The feature extraction is described about the characteristics of an image. It is one of the important components for any recognition system, since the classification/recognition accuracy is depending on the features. Here zone based pixel density features are used for handwritten and printed Kannada numerals and vowels for recognition. All preprocessed images are normalized into 32 x 32 pixels. The normalization is carried out by using bilinear technique. Then normalized image is divided into 64 zones and pixel density is calculated for each zone, there by generating 64 features. These 64 features are fed to SVM classifier for classification of images. The experiment is also carried out by considering large size zones, but it failed to capture the local information of the image.

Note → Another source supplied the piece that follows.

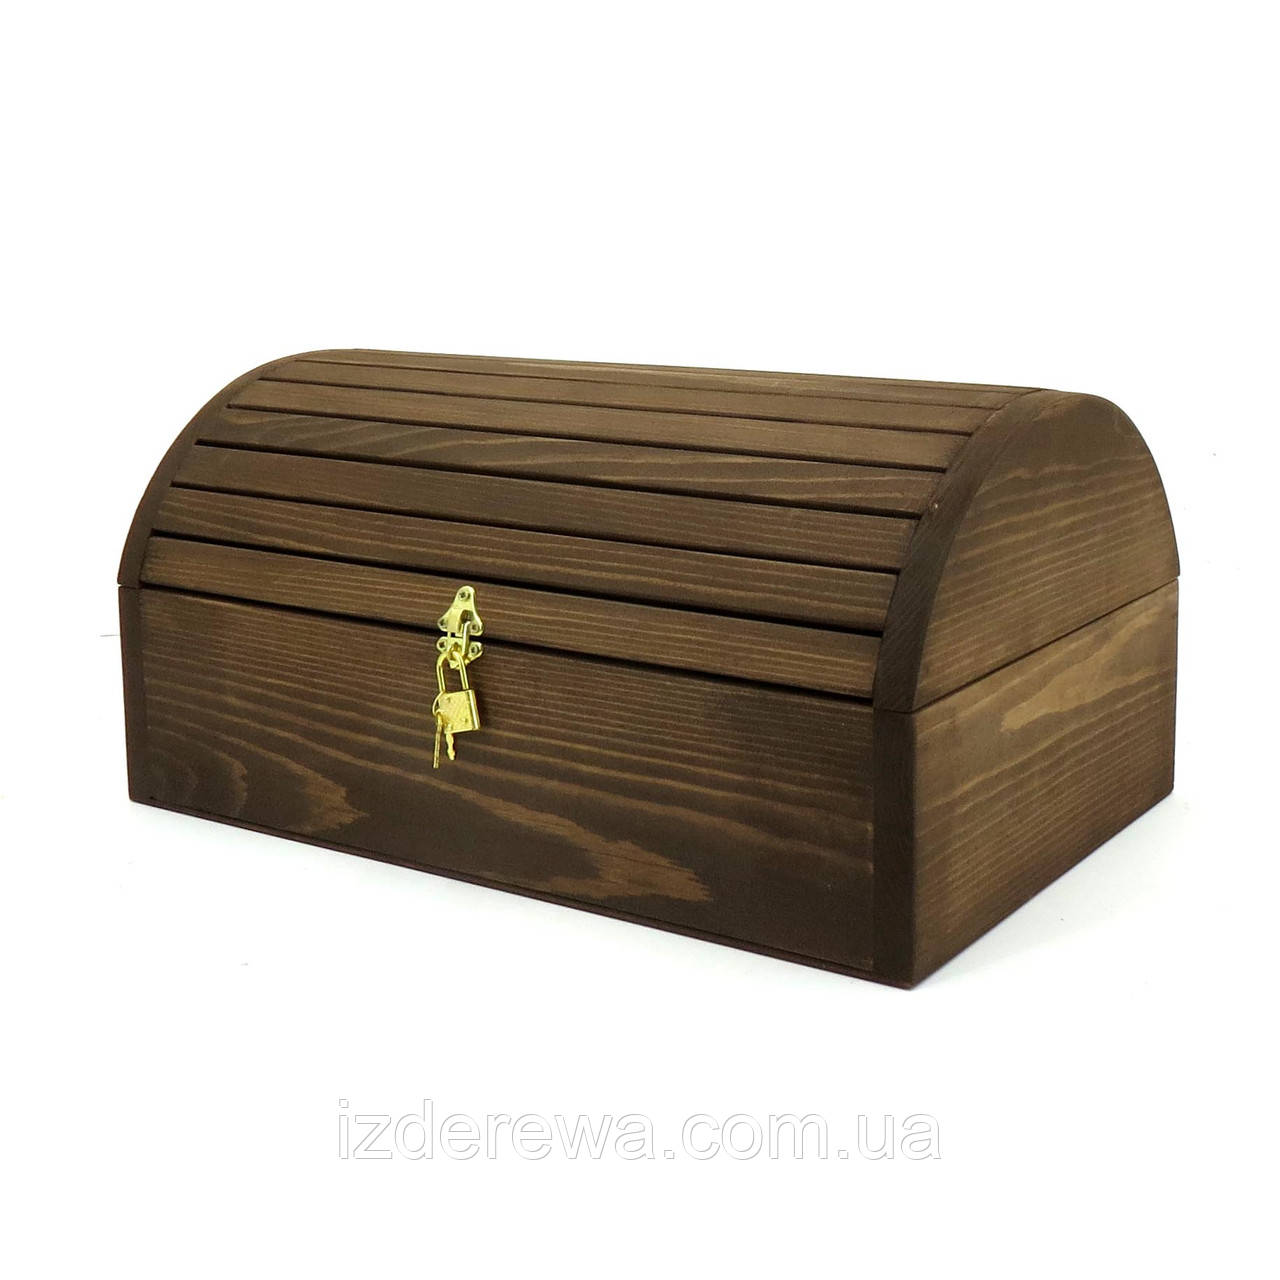 "Сундук деревянный ""Марико 40х22х20"" капучино"

Hence we have fixed the size as 8 x 8 for experimentation as the optimal size and it gives better results.
Algorithm: Handwritten and Printed Kannada Numerals and Vowels.
Input: Mixture of Preprocessed numerals/vowels Output: Recognize numeral/vowel

Begin

1. The normalized numeral/vowel image is divided into 64 zones.
2. The pixel density is computed between each of 64 zones.
3. For empty zones, zero value is assigned.
4. Create a feature vector of size 64.
5. SVM Classifier with 5 Fold cross validation test is carried out to recognize an image as the Kannada Numeral/Vowel.

End

The [Fig-5] shows the sample handwritten Kannada Vowel image divided into 8 x 8 zones.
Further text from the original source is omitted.